By Courtney Ho
The non-profit Ruweng Association for Reconstruction and Orphan Support is working to build a sustainable and environmental school in Southern Sudan. RAROS, also known as A Village Future, hopes the Biemnom Education Centre will provide education, health care and economic improvement in the area.
RAROS project director and president Dawn Ambler said the goals of the project are to improve living conditions in Sudan as well as provide accessible education so the facility becomes sustainable.
“The people of Biemnom can have access to education, training and employment opportunities,” said Ambler, in an e-mail interview.
RAROS was established in 2003 in Salt Lake City by Ruweng Dinka refugees living in Canada and the United States. The collaboration gained official society status from the Alberta Government in 2008 and became a registered Canadian charity the next year. RAROS headquarters are located in Calgary with members all over the world.
“Three years ago a student of mine, Simon Nyok, asked if I would build a school in his village,” said Ambler. “Since then I have spent three weeks in Southern Sudan, spoken with the people of Biemnom and agreed to build a school.”

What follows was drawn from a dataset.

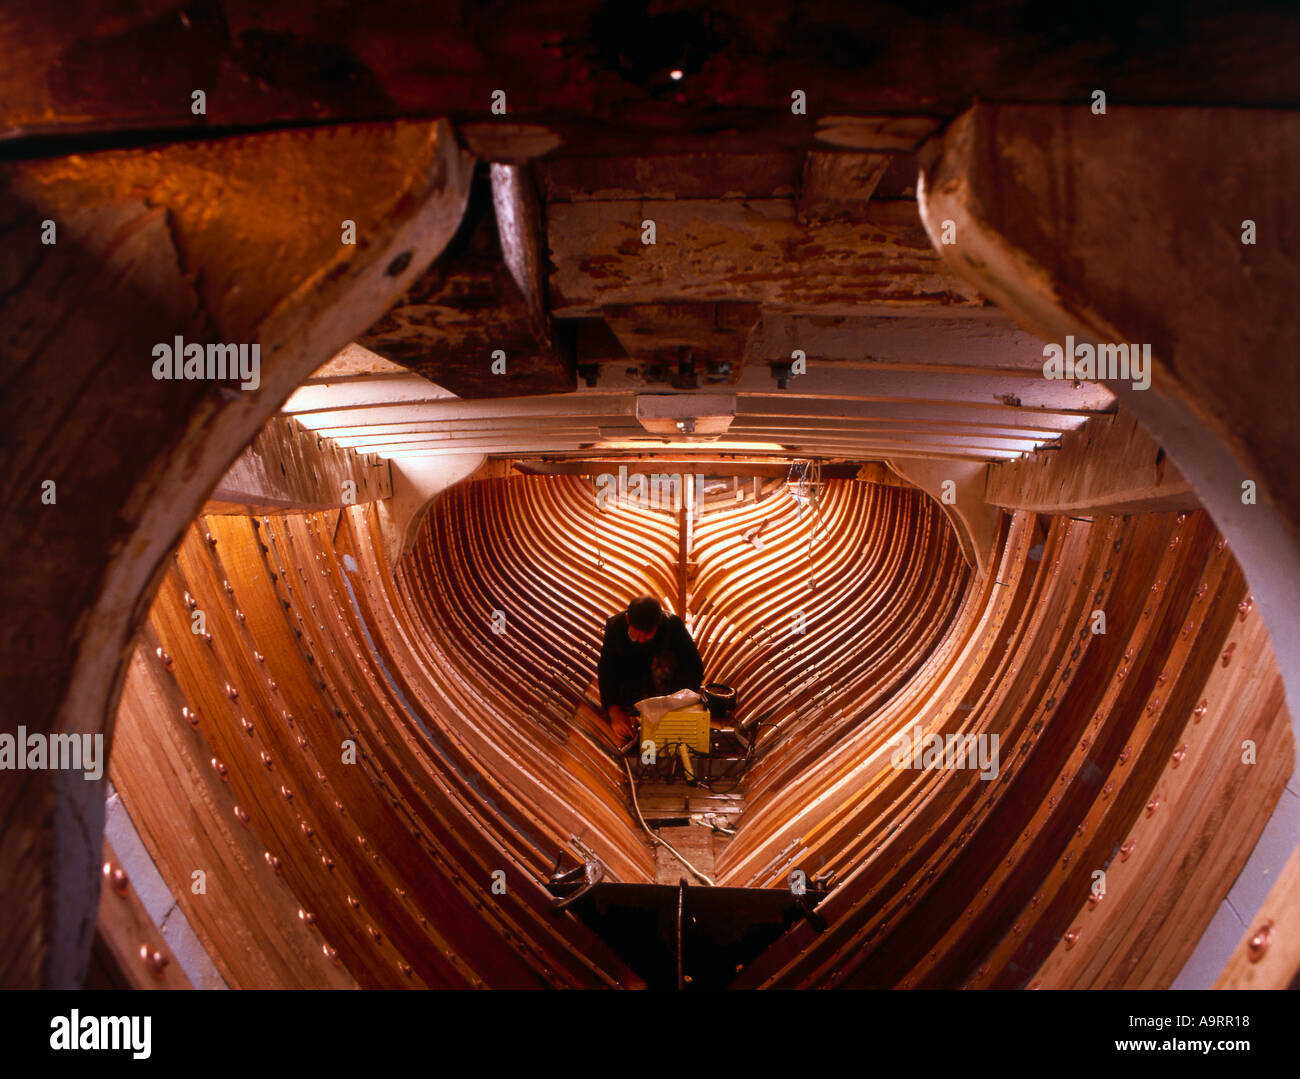 Restoring interior of wooden boat Elvira Stock Photo

The Biemnom Education Centre will serve as an elementary school for 3,000-6,000 children, a high school for 500 students and a vocational school for 500 students.
The environmentally-friendly facility will use solar energy, collect water for re-use and house a sanitation system that will not affect the area with chemicals. The facility will also have a 5,000 hectare farm providing food for the community and cash crop returns for funding.
RAROS vice-president Simon Nyok is a Lost Boy and refugee from South Sudan who escaped Biemnom as a child in the 1980s during civil war. Thousands of Lost Boys from Nuer and Dinka tribes were orphaned and separated from their families during the Second Sudanese Civil War. Nyok said the project is key in creating a hopeful future for many of the orphans living in the village today.
“I lived in refugee camps in Ethiopia until I came to Canada,” said Nyok. “I went back for the first time in 2007 and what I saw in Biemnom was unbelievable. There were many orphans without education and, as a result, I worry that their future will be worse like ours. We want Canadians and other world citizens with humanitarian hearts to help those children to achieve their future through help of those who will donate money to build Biemnom Education Centre in South Sudan.”
Third-year U of C development studies student Chelsea Shields sits on the project’s board of directors. She said it is important for students to get involved with organizations like A Village Future because the Sudanese need new, sustainable infrastructure.
“South Sudan is soon to be the newest country in the world, but it will also be one of the poorest and least developed,” said Shields. “It literally needs to be rebuilt from the bottom up.”
A Village Future will be selling vegetable seeds for $2 at the Michael Bernard Fitzgerald concert on Feb. 11. The all-ages show starts in the MacEwan Ballroom at 7 p.m..
“We will be having an information booth at the upcoming MBF concert in what Michael is calling the ‘MacHall Community Hall,’ ” said Shields. “We will be amongst other charities such as War Child and Light & Soul and a second stage where various musical guests will be performing.”
The intent of the event is to fundraise for the school in Sudan, raise awareness about the project and send seeds to Biemnom, where the Sudanese will be taught how to plant them. A conference about South Sudan will also be held at the U of C in late March.
“We are inviting all those working in/for, studying about, or researching about/in South Sudan to participate in an interactive conference to learn from each other and perhaps partner in projects,” said Ambler.
The group aims for the school to break ground in November 2012.
“Donation and skill that you will give our citizens will make a difference,” said Nyok. “Please come and build a new nation with skill.”